Under the statute, judges can have their pay withheld if they don’t make a decision on a case for more than six months. Perhaps the same should apply if they dissent from a state Supreme Court ruling. Perhaps they should be required to certify that they’ve read a higher court ruling.

There is another consequence of our judicial branch failing to respect the constitutional rights of these Alaskans. It leaves the legislative and executive branches unchecked. Separating our judicial, legislative, and executive branches, so that each branch provides independent checks and balances on the other, ensures that neither can oppress its citizens with impunity.

Our legislature has passed laws authorizing the state (executive branch) to forcibly lock up Alaskans suspected of having a mental illness. These laws and our state constitution require due process for these Alaskans. This includes specific time limits and a proven need for lockup. However, the legislature has failed to fund community-based services (which are less expensive in the long run) that could alleviate pressure on state mental health facilities, and has underfunded state facilities.

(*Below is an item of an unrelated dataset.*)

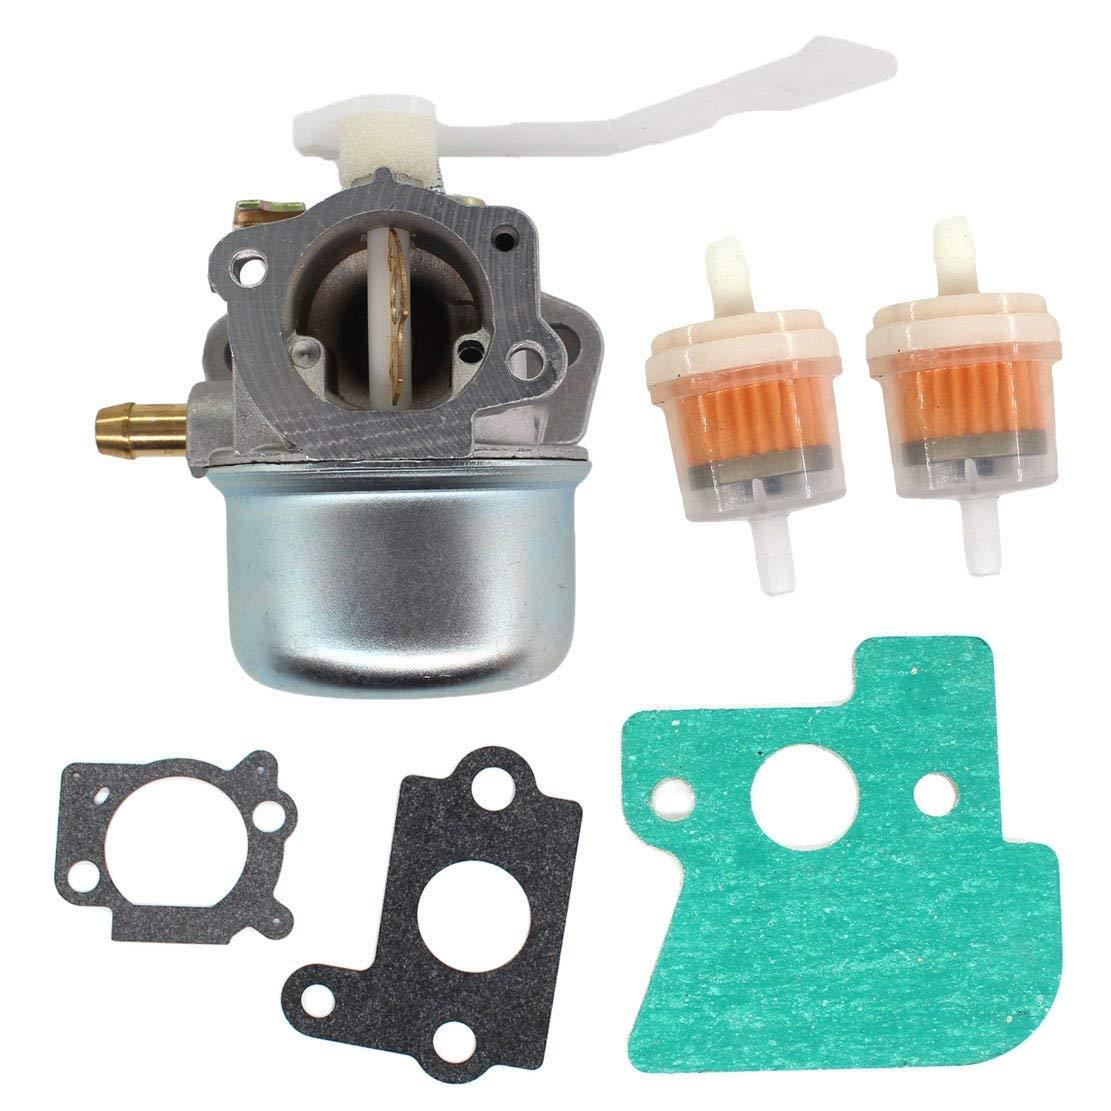 USPEEDA Carburetor for Briggs & Stratton 694203 690152 Small Engine Motor 121602 122602 121607 121612
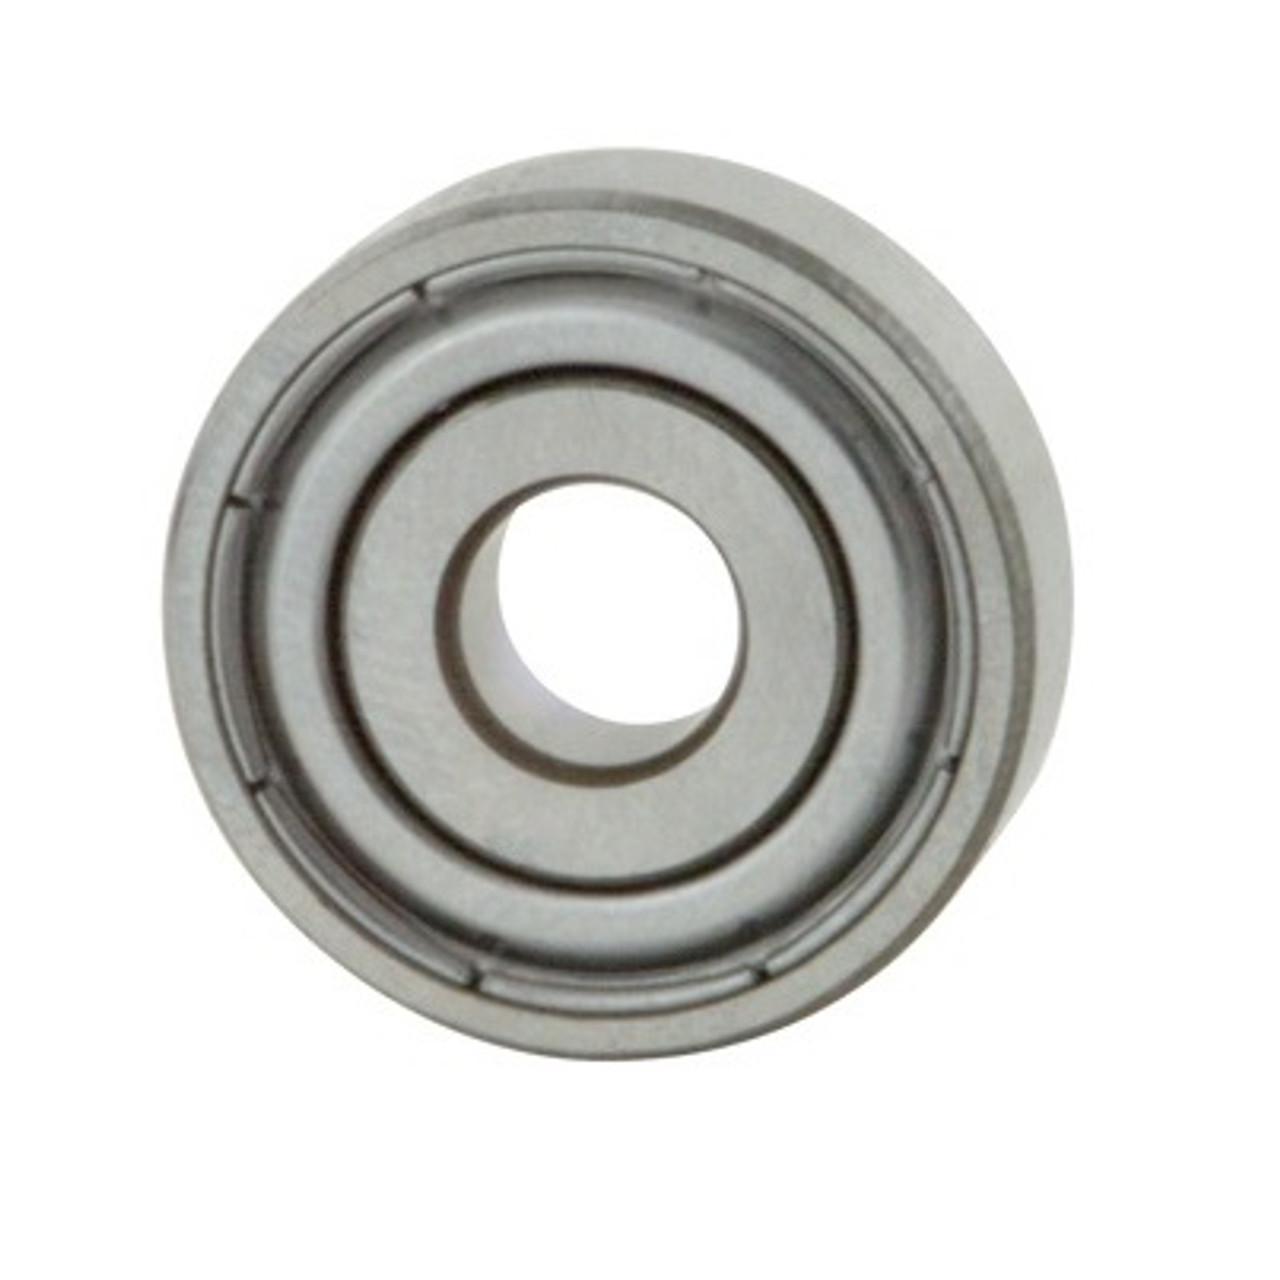 O-ring EU origin material variable pack 6,4 x 1,9 DIN 3770 ID x cross,mm

Instead of checking this unfunded exercise of power by the Legislature and the state to unconstitutionally restrict vulnerable Alaskans, Supreme Court justices issue court orders that enable it—time and time again. And how does the Alaska Supreme Court respond? Blah, blah. It’s unconstitutional. It’s shameful. It’s certainly not funny.

Val Van Brocklin is a former state and federal prosecutor in Alaska who now teaches and writes on criminal justice issues across the country. She lives in Anchorage.